MySQLExecutionDAO.getAllWorkflowIds used ORDER BY id, but V8__update_pk.sql drops the id column in favour of workflow_id as primary key. Any migrated MySQL instance would fail at runtime with "column not found". Also adds AdminServiceImplReindexTest covering: - IDLE → RUNNING → COMPLETED state transition - COMPLETED → RUNNING counter reset on re-run - double-POST returns ALREADY_RUNNING - unsupported backend returns UNSUPPORTED state - pagination offset arguments are correct

OFFSET pagination is O(n²) overall — each page requires the DB to scan and discard all preceding rows. On large workflow tables (the exact scenario this endpoint targets) this degrades badly. Keyset pagination (WHERE workflow_id > :cursor ORDER BY workflow_id LIMIT ?) is O(n) overall because each page starts from a bookmark rather than re-scanning from the beginning. Changes: - Add ExecutionDAO.getAllWorkflowIdsAfter(cursor, limit) interface method - Implement in PostgresExecutionDAO, MySQLExecutionDAO, SqliteExecutionDAO - Rewrite doReindex() to use cursor loop instead of offset loop - Update tests: replace offset-based mocks with cursor-based mocks and add testKeysetCursorAdvancesCorrectly to verify cursor propagation

Without throttling the reindex job can saturate both the DB and ES, starving live traffic. A simple inter-batch sleep is too coarse and doesn't account for actual processing time. Guava RateLimiter provides per-workflow granularity: it self-adjusts so that if a batch takes longer than expected no extra wait is added, and if processing is fast it blocks just enough to maintain the target rate. The semantic is clear: rateLimitPerSecond=50 means at most 50 workflows per second enter ES, regardless of batch size. Configuration: conductor.reindex.rateLimitPerSecond=50 # workflows/sec; 0 = unlimited (default) Changes: - Add @value("${conductor.reindex.rateLimitPerSecond:0}") field - Create RateLimiter in startReindex() when rate > 0; null otherwise - Call limiter.acquire() before each workflow in doReindex() - Tests: verify limiter is null at rate=0, non-null at rate=50, and that the job completes successfully in both cases

…ure/admin-reindex

Li-Xingyu · 2026-04-22T02:03:55Z

@nthmost-orkes Thanks for the detailed review — all four points have been addressed in the latest commits:

MySQL ORDER BY fix — corrected ORDER BY id → ORDER BY workflow_id in MySQLExecutionDAO.getAllWorkflowIds. The same one-character fix that was already applied to Postgres and SQLite.

Unit tests — added AdminServiceImplReindexTest covering the state transitions (IDLE→RUNNING→COMPLETED, COMPLETED→RUNNING counter reset, double-POST→ALREADY_RUNNING), the UNSUPPORTED fallback, and pagination argument correctness.

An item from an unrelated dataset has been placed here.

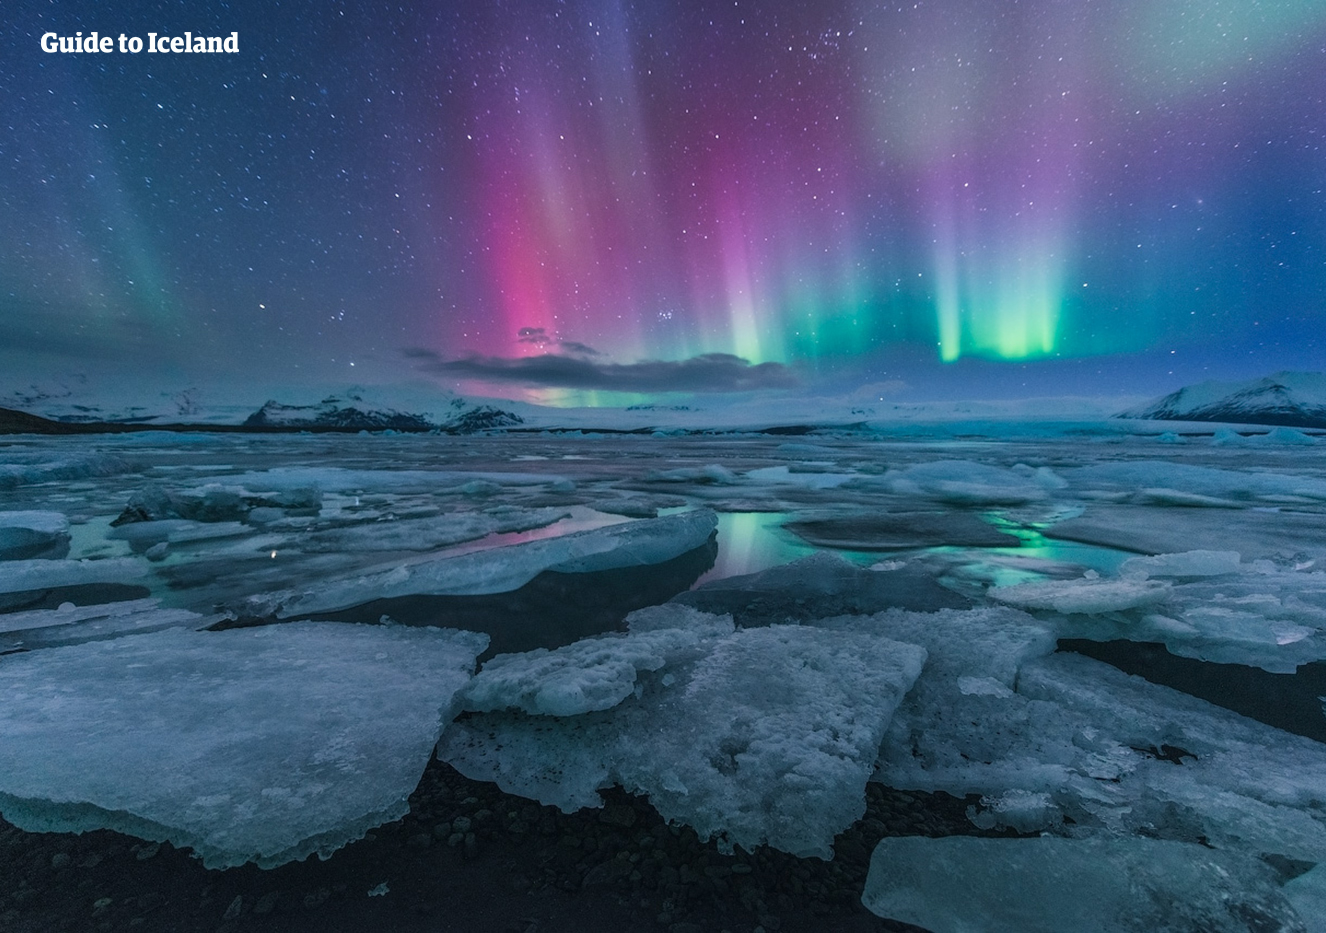 Blue northern lights dancing with purple shades over South Iceland's Jökulsárlón glacier lagoon in winter.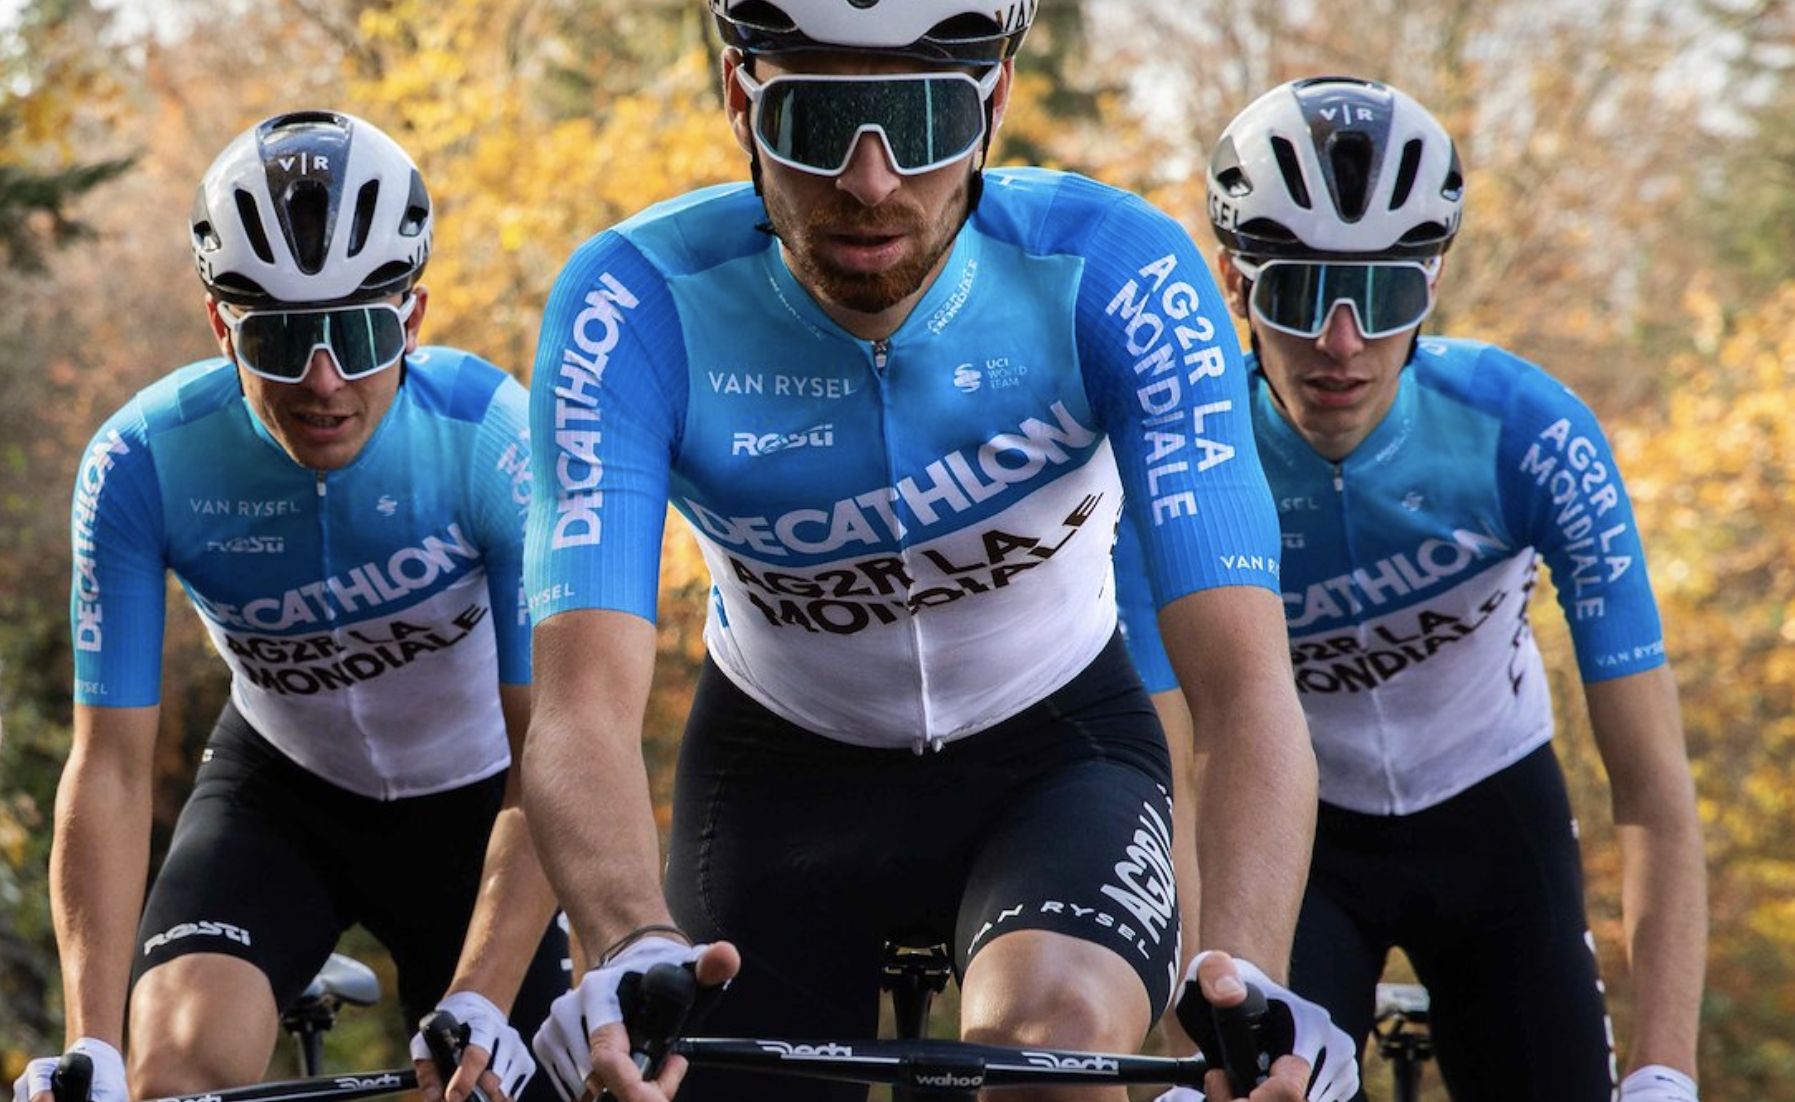 This World Tour team will have Decathlon as sponsor and Van Rysel bikes in  2024

Keyset pagination — replaced LIMIT ? OFFSET ? with WHERE workflow_id > :cursor ORDER BY workflow_id LIMIT ? across all three supported backends (Postgres, MySQL, SQLite). The cursor advances to the last id of each batch, making the full scan O(n) instead of O(n²). The existing getAllWorkflowIds(offset, limit) interface method is preserved for any other callers.

Throttling — added a RateLimiter (Guava, already a conductor-core dependency) that fires per workflow rather than per batch. Configured via conductor.reindex.rateLimitPerSecond (default 0 = unlimited, no behaviour change for existing deployments). At 50, for example, the reindex job will push at most 50 workflows/sec into ES regardless of batch size or processing speed.

The stale docker/login-action mention in the PR description has also been removed.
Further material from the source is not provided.